Holotype fragment (botany)
Richard Pyle
deepreef at BISHOPMUSEUM.ORG
Thu Jan 12 08:33:48 CST 2006
Hi Thomas,
All of the problems you describe also exist within the animal world, at
least fundamentally (although I know of no individual coral colonies that
cover thousands of acres, the analogy still holds). However, I gather from
what you write below that the differences have to do with the relative
*frequency* of asexual reproduction; and evidentally the frequency of cases
where defining an "individual" involves non-trivial ambiguity. As such, I
tend to agree with you that the reasons for the differences in practice are
founded on more than just traditional practice.
But, as per Paul Kirk's comment, the "real" definition of a name-bearing
type is actually the same for both botany and zoology:
"The holotype is what the publishing author says it is - plain and simple."
Aloha,
Rich
> -----Original Message-----
> From: Taxacom Discussion List [mailto:TAXACOM at LISTSERV.NHM.KU.EDU]On
> Behalf Of Thomas G. Lammers
> Sent: Thursday, January 12, 2006 7:31 AM
> To: TAXACOM at LISTSERV.NHM.KU.EDU
> Subject: Re: Holotype fragment (botany)
>
>
> At 10:57 AM 1/12/2006, Richard Pyle wrote:
> >In zoology, the name-bearing type specimen (Holotype, Lectotype,
> Neotype) is
> >assumed to be the entire genetically coherent individual
> organism (or single
> >clonal colony/culture), regardless of how many parts it has been divided
> >into (e.g., skin, skeleton & preserved soft tissue), or how many
> museums it
> >is scattered across.
>
> Sure, that works with animals because of their unitary
> construction, closed
> system of growth, and lack of asexual reproduction. But plants have
> modular construction, an open system of growth, and a great proclivity for
> asexual reproduction. It is often nearly impossible to determine what
> constitutes a "genetically coherent individual" in plants. In a
> field of a
> rhizomatous grass, for instance, there might be one several hundreds or
> millions of individuals; without genetic testing, who knows? Remember the
> "individual" fungus that made the news because it covered thousands of
> acres? Every Lombardy popular in the world is a clone of one original
> mutant; are they all one "genetically coherent individual"?
>
> The botanical approach to the definition of "specimen" accounts for these
> biological facts. It is why a uniform BioCode (i.e., botany has to do
> things the zoology way) is a BAD idea.
>
>
> Thomas G. Lammers, Ph.D.
>
> Associate Professor and Curator of the Herbarium (OSH)
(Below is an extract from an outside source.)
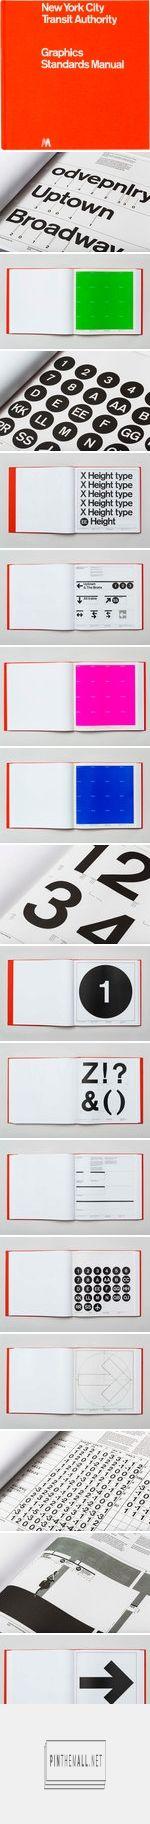 NYCTA Graphics Standards Manual reissues https://standardsmanual.com/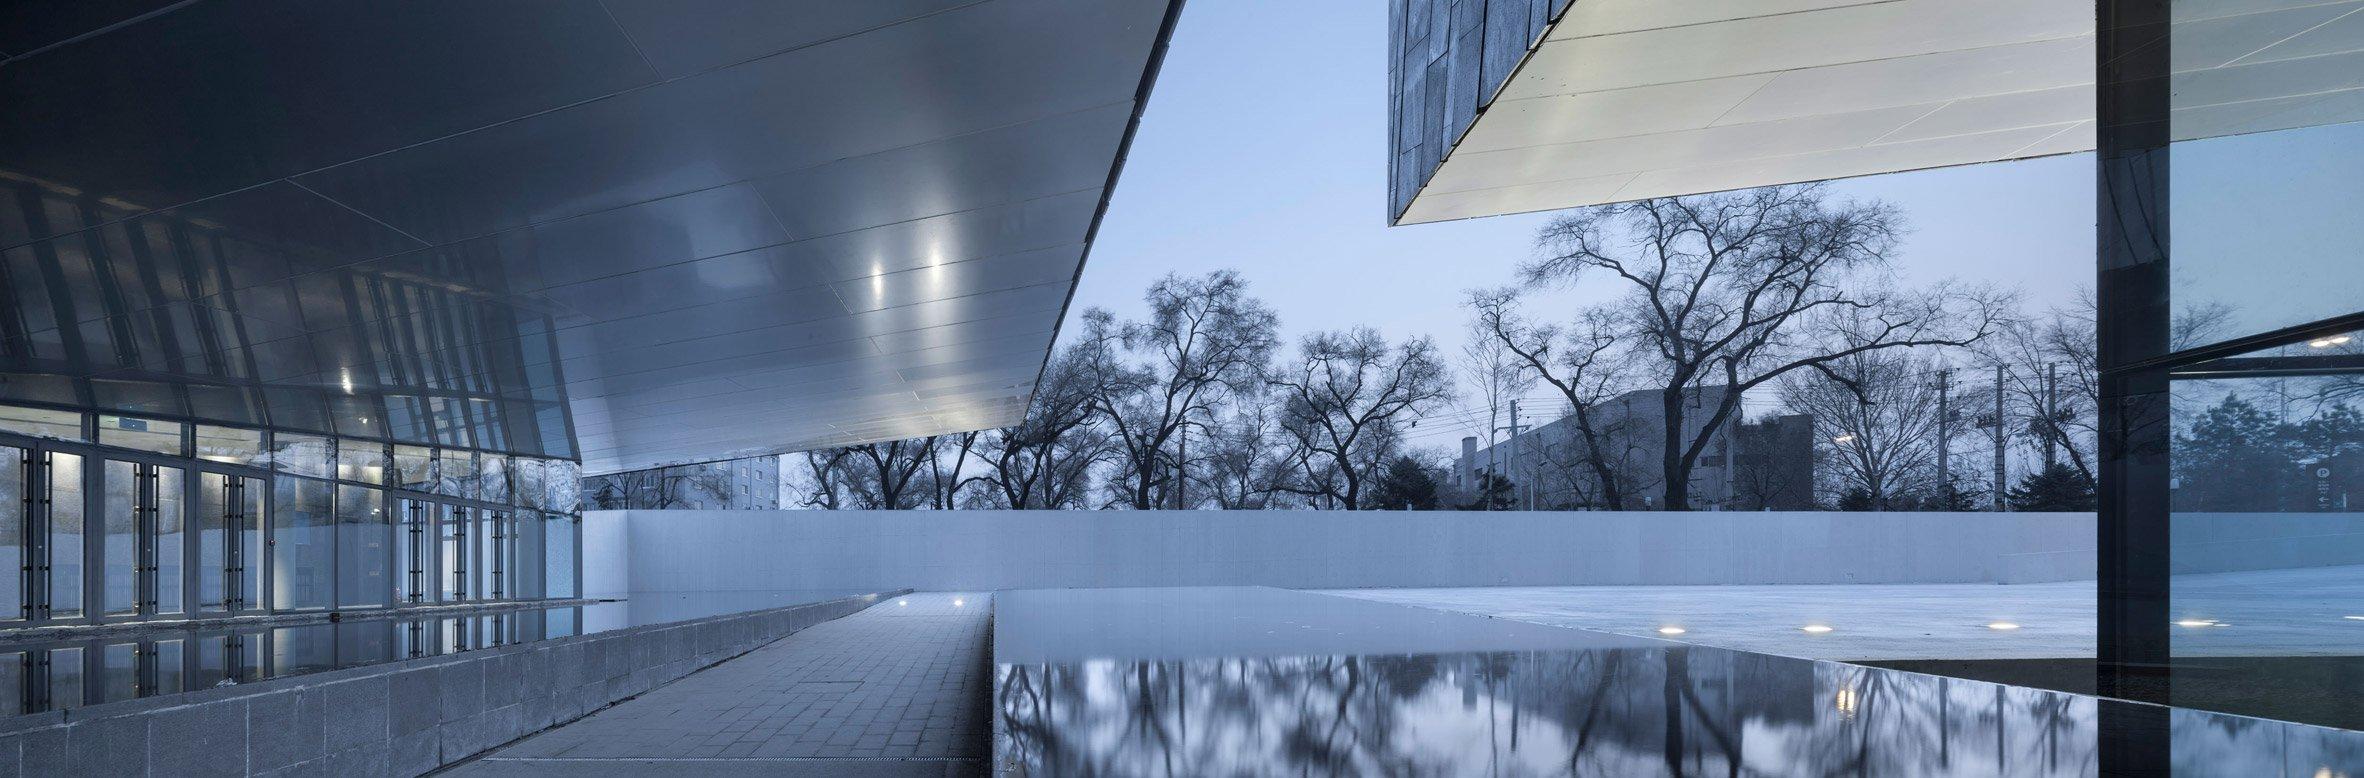 exhibition-hall-crime-evidences-harbin-he-jingtang-architecture-cultural-china_dezeen_2364_col_13.jpg

> Department of Biology and Microbiology
> University of Wisconsin Oshkosh
> Oshkosh, Wisconsin 54901-8640 USA
>
> e-mail: lammers at uwosh.edu
> phone: 920-424-1002
> fax: 920-424-1101
>
> Plant systematics; classification, nomenclature, evolution, and
> biogeography of the Campanulaceae s. lat.
>
> Webpages:
> http://www.uwosh.edu/departments/biology/Lammers.htm
> http://www.uwosh.edu/departments/biology/herbarium/herbarium.html
> http://www.geocities.com/TheTropics/Resort/7156/lammers.html
> -----------------------------------------------------------
> "Today's mighty oak is yesterday's nut that stood his ground."